Please reproduce the listing word for word. Pictures stay out.

• DATA SHOWN:
· · ·

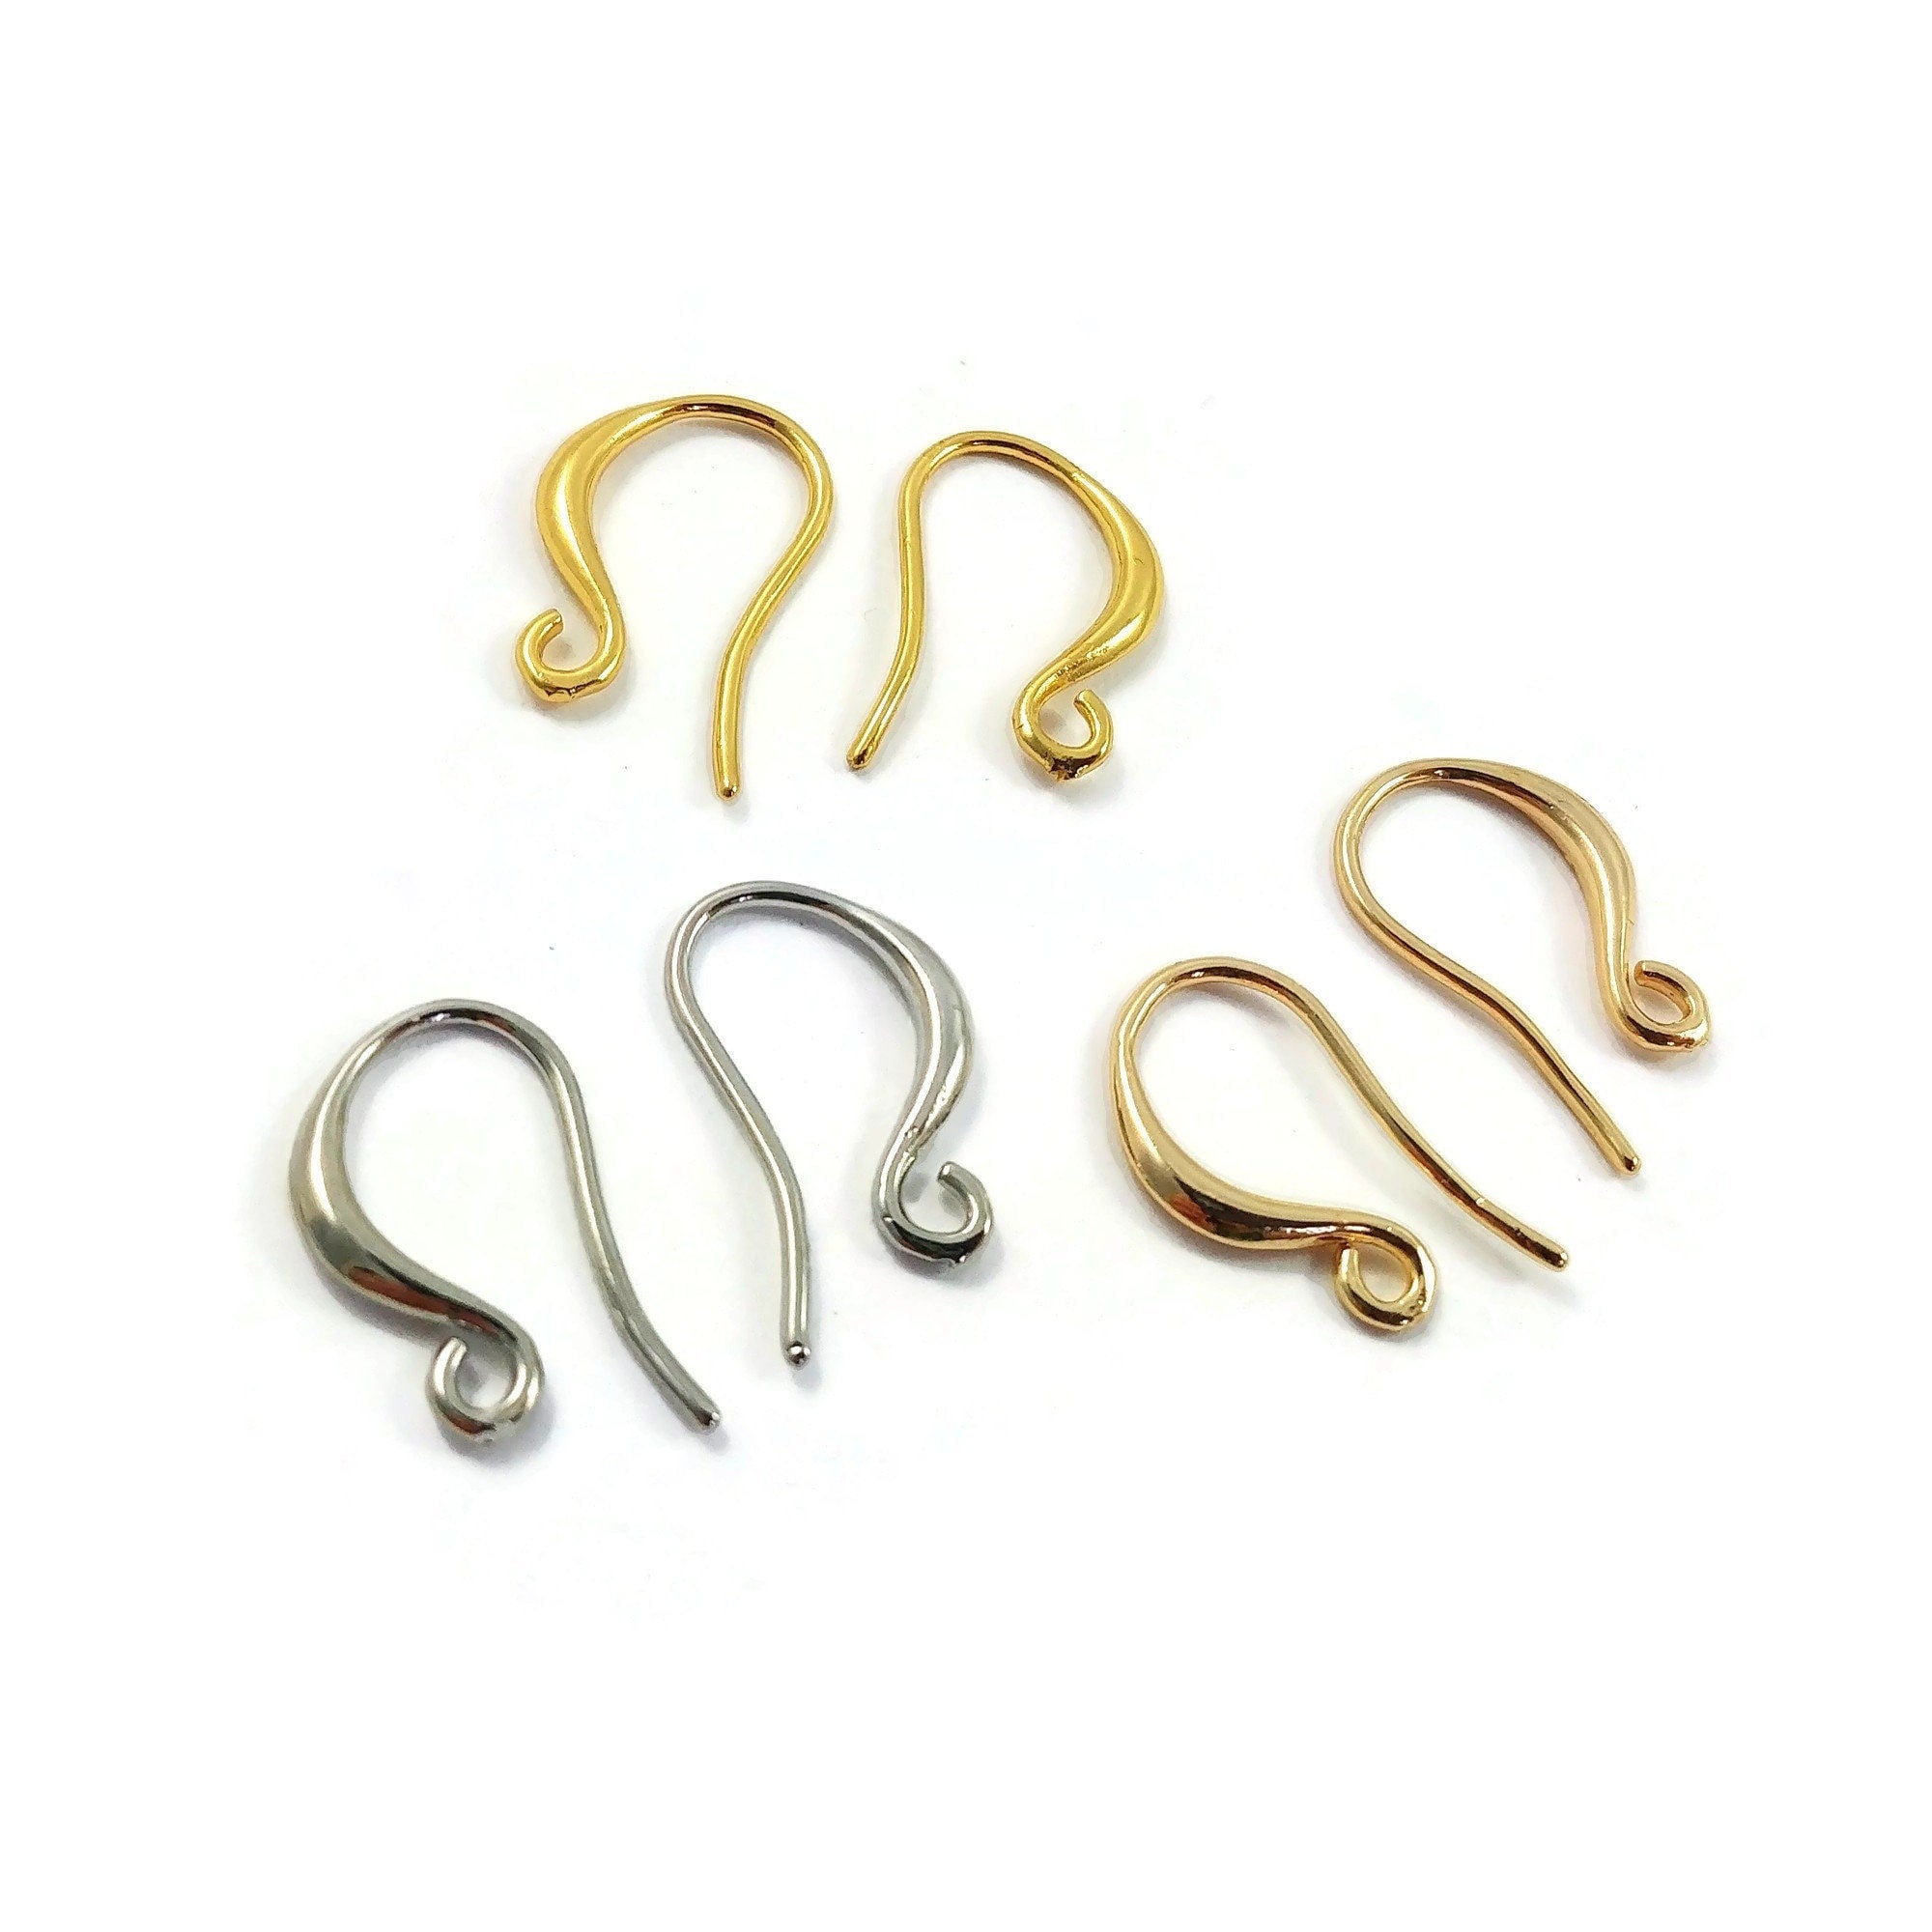 Nickel free earring hooks, Gold, Silver brass ear wire, Jewelry making
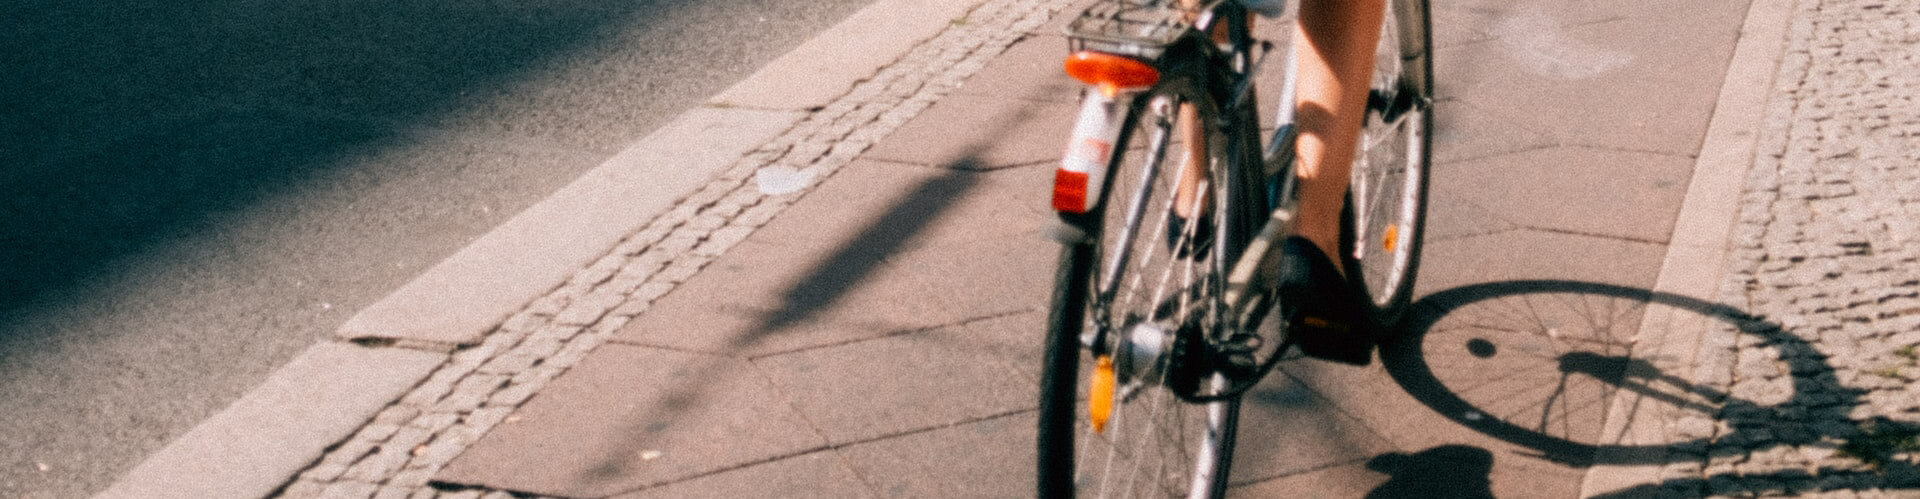 Gemeente aansprakelijk voor eenzijdig fietsongeval door putdeksel | LetselPro
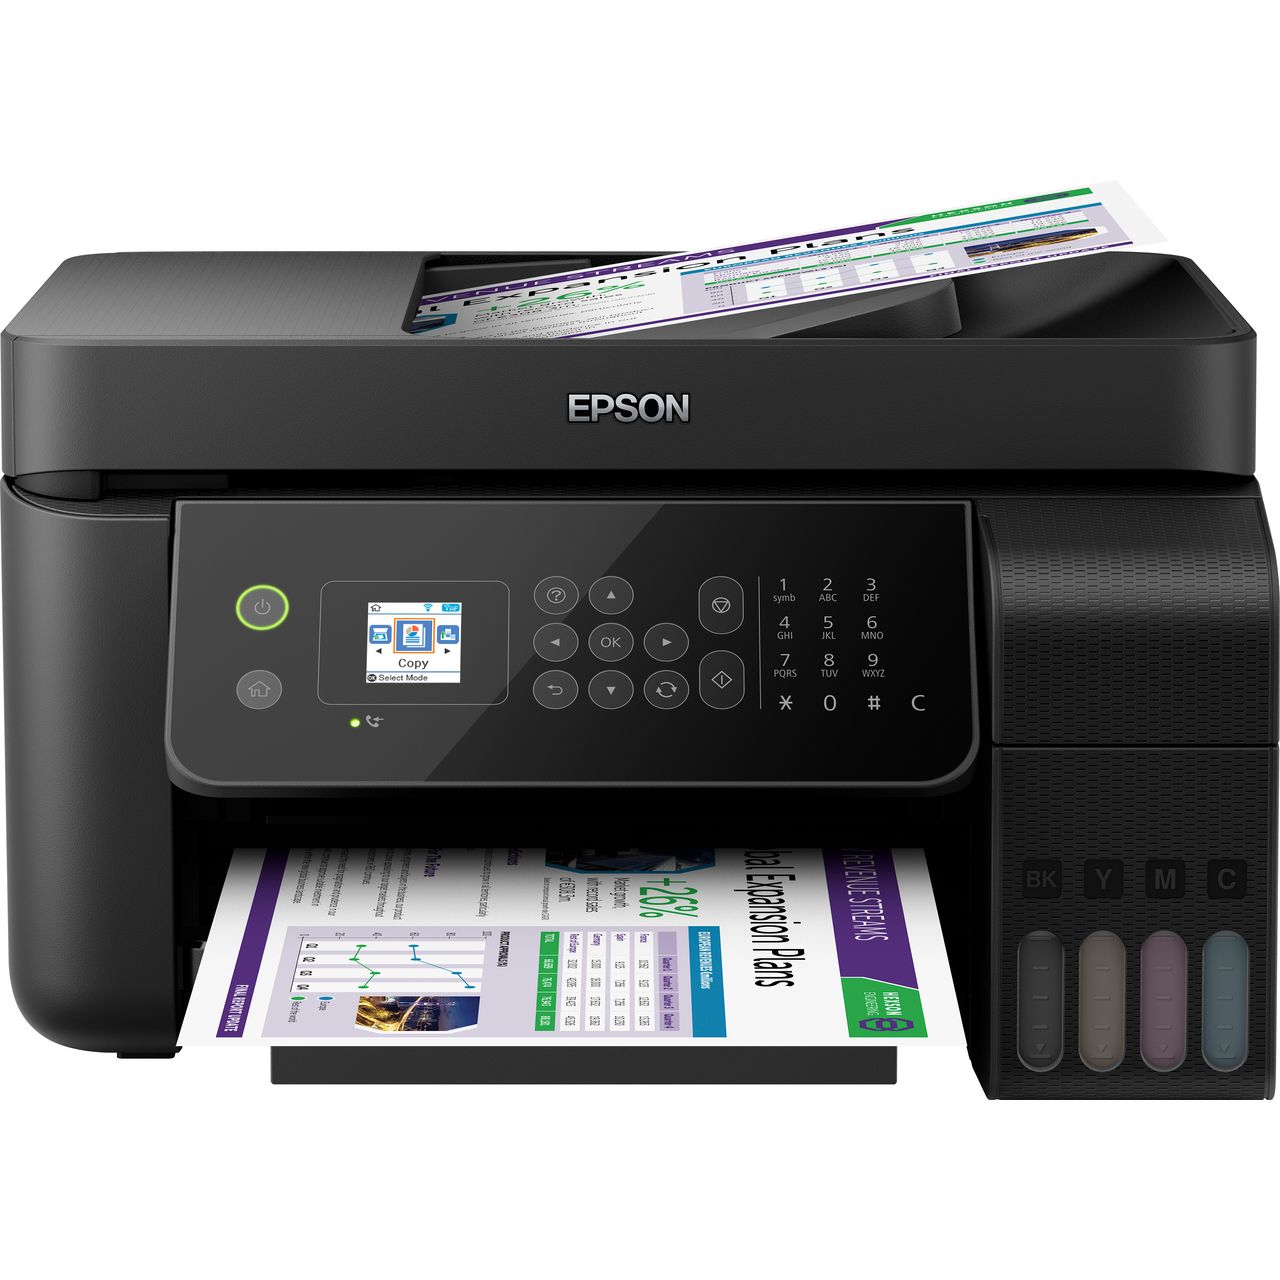 Epson EcoTank ET-4700 Inkjet Printer Review

· · ·

• SOLUTION FOR THIS TASK:
 Nickel free earring hooks, Gold, Silver brass ear wire, Jewelry making
 Gemeente aansprakelijk voor eenzijdig fietsongeval door putdeksel | LetselPro
 Epson EcoTank ET-4700 Inkjet Printer Review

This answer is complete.